I am currently investigating the different spliceforms in an experimental sample. To get a better understanding of how the different spliceform finding software works, I created a program that generates fake fastq data.
Here is how it works :
- Read in GTF file
- Select transcript of interest from the GTF file.
- Generate random numbers for the start position of the read. So if my random number is 54, my read will start at position 54.
Step 3 is where I get into trouble. I'm not sure how to handle the end of the transcript. For example, say that I want 100 base reads in my fastq file. Let's say the transcript of interest is 2000bases long. If I draw a random number between 1-1900, I am fine. However, if I draw a number between 1901-2000, say 1950, I get into trouble because I don't know what to make the remaining 50 bases of the read.

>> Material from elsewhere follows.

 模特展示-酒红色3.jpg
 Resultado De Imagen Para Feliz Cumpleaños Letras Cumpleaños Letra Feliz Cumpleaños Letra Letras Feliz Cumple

A couple potential solutions I thought of:
- Randomly add sequences to the 3' end
- Pretend that I read into the Illumina (or similar) adapter.
What experimentally happens in this situation? Is there a bias against the ends of transcripts when doing size selection in RNA-Seq?
Actually the bias is towards the 3'end if one is doing poly-A selection. I don't think #1 is a good idea, it would not be biologically relevant. You could look into 3'-UTR (or are you already taking those) and/or doing #2.
You could also look at published datasets where the truth is known (to some extent). Someone here may be able to provide a good example.